The Court next reasoned that "international" means "involving or of two or more 'nations,'" such that "those nations have imbued the tribunal with official power to adjudicate disputes" on behalf of two governments. Id. at 9. Accordingly, a "foreign" tribunal is one imbued with governmental authority by one nation, while an "international" tribunal is one imbued with governmental authority by multiple nations. Thus, "[p]rivate adjudicatory bodies do not fall within § 1782." Id. at 11.
Did Government(s) create the panel or its rules?
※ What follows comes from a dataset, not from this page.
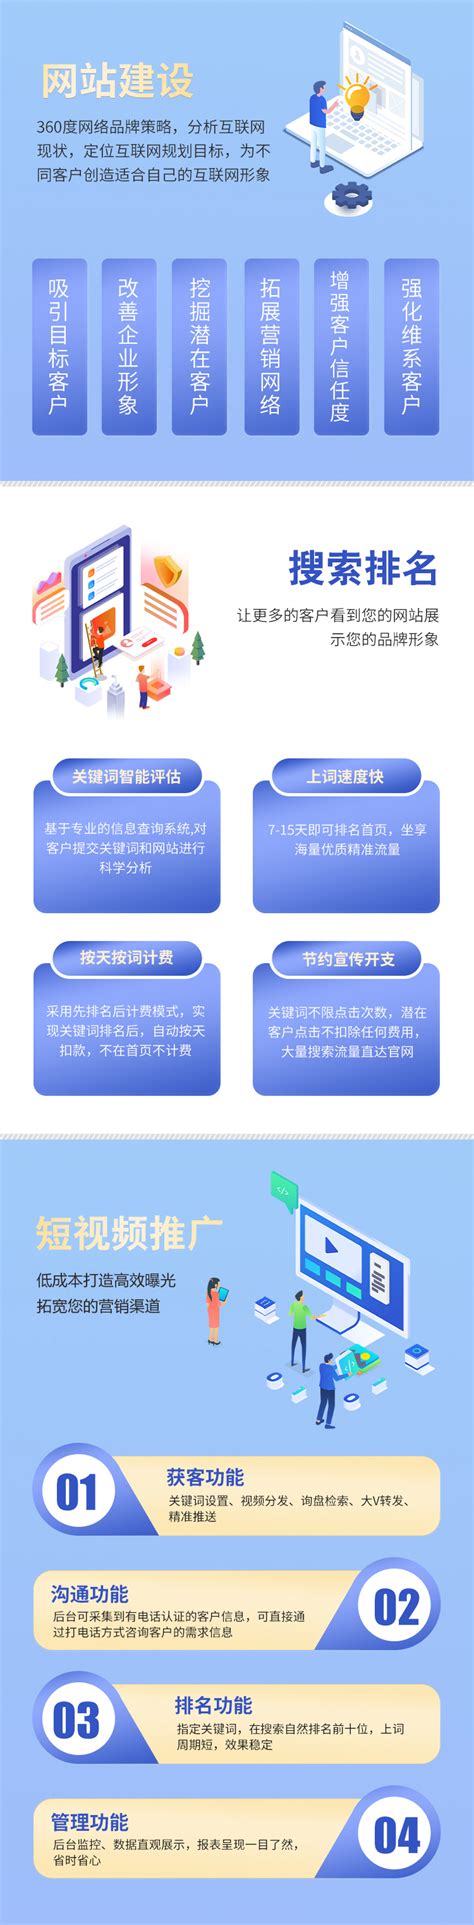 广东网站建设运营方案
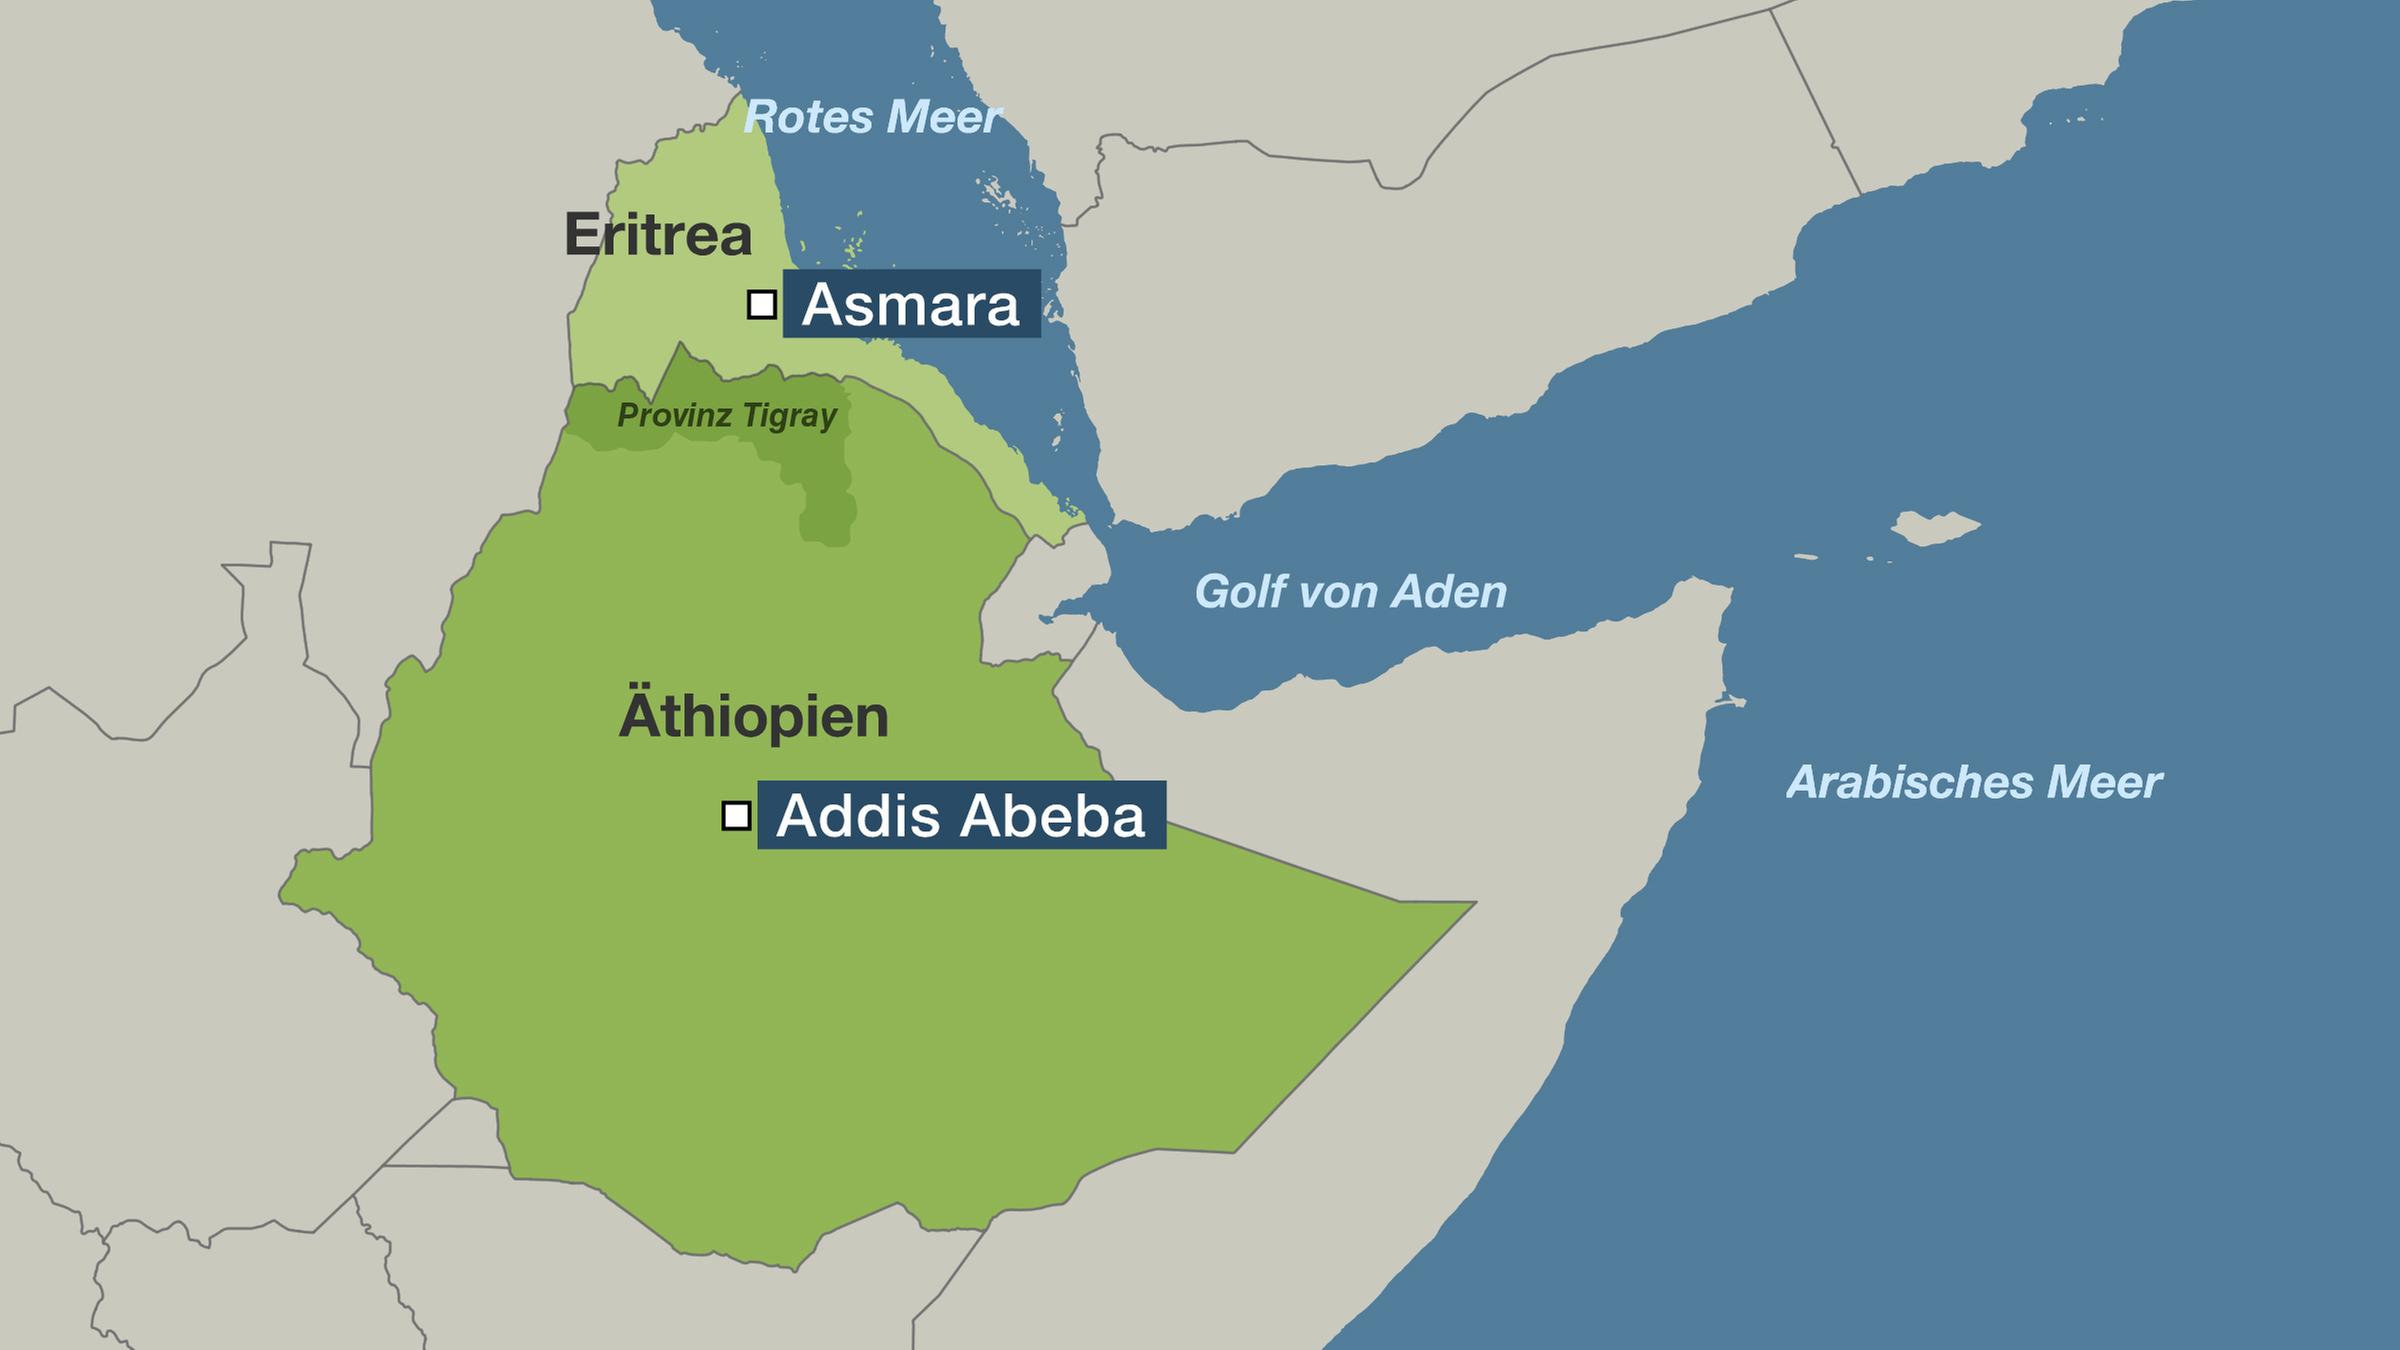 Karte von Eritrea und Äthiopien

In the second step, the Court turned to the question of whether the adjudicative bodies in the two cases before it are sufficiently "governmental or intergovernmental." It found that neither is. The first case before it involved a private commercial arbitral tribunal, formed by private parties, under a private contract, with a private dispute resolution organization. No government was involved in creating the panel or prescribing its procedures. Based on the Court's framework, this tribunal was held not to qualify as governmental or intergovernmental. Id. at 11-12.
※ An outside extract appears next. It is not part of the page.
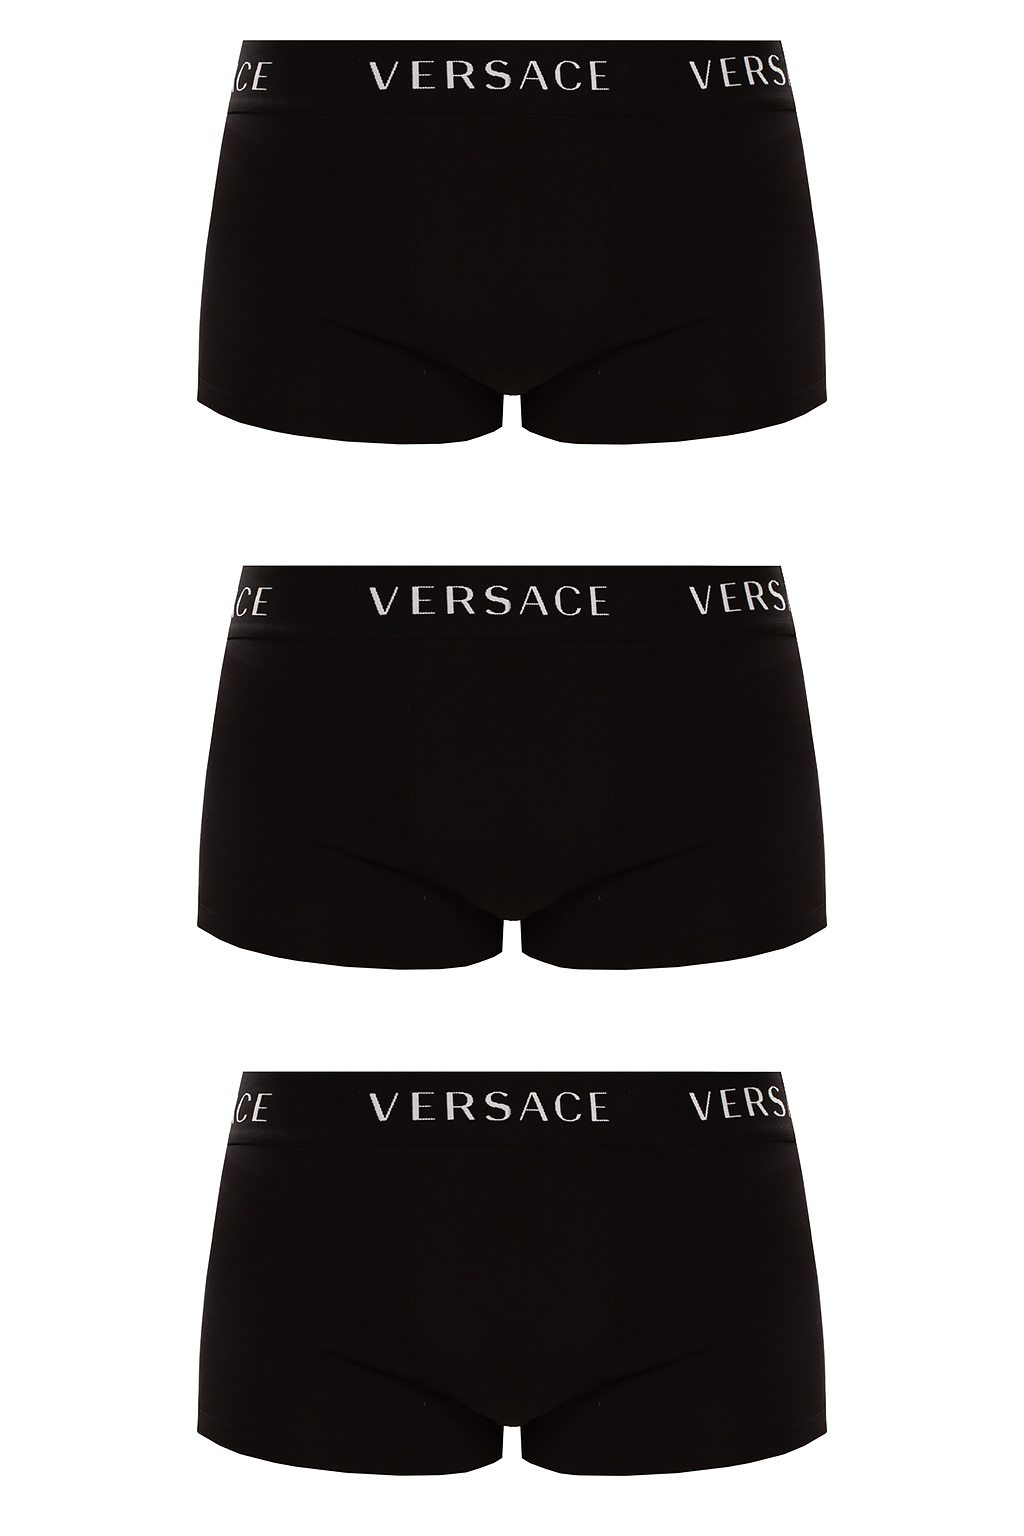 versace underwear 3 pack

The tribunal in the second case presented a "harder" issue, as it involved an ad hoc investor-state arbitral tribunal where a sovereign was directly involved in the dispute as a party, and the arbitration agreement was contained in an international treaty rather than a private contract. Id. at 12. The Court thus focused on whether the two nations establishing the treaty "intend[ed] to confer governmental authority on an ad hoc panel formed pursuant to the treaty." Id. at 13. The Court determined that an ad hoc tribunal, unlike a court, is not a pre-existing governmental body belonging to a sovereign, but one formed for the sole purpose of adjudicating investor-state disputes. Id. at 13. Moreover, nothing in the treaty reflected the sovereigns' "intent that an ad hoc panel exercise governmental authority." Id. at 13-14. For the Court, the investor-state panel was "materially indistinguishable in form and function" from the private commercial panel, as both derive their authority from the parties' consent, not because one or two nations "clothed the panel with governmental authority." Id. at 15. The Court thus ruled that the parties in neither arbitration could use Section 1782.
Where do we go from here?
First, for private commercial arbitration, the Court's ruling is unequivocal: a foreign or international arbitral tribunal formed by private parties is not a "foreign or international tribunal" under the statute. While some may disagree with the Court's reasoning, most welcome clarity of a bright line that Section 1782 is no longer available for parties to obtain discovery for use in private commercial arbitrations.
Second, for investor-state arbitrations, the Court's ruling might leave a small opening. While the parties to a treaty dispute heard by an ad hoc UNCITRAL tribunal cannot access Section 1782, an ICSID arbitration might pass muster, as it is a treaty-based dispute convened before a tribunal operating under the auspices of the World Bank. The Court's "imbued with governmental authority" test means that parties who need additional discovery in the U.S. may consider filing their arbitration with ICSID to imbue their tribunal, arguably, with the requisite governmental authority to constitute an "international" tribunal within the meaning of Section 1782.
And third, it is now up to Congress to expand Section 1782 to cover private international arbitration in accordance with (1) the policy of the FAA favoring international arbitration and (2) the interest in providing needed discovery to ensure fair outcomes, recognizing that the use of discovery will always be limited by arbitration rules and rulings as well as federal judges to ensure against abuse.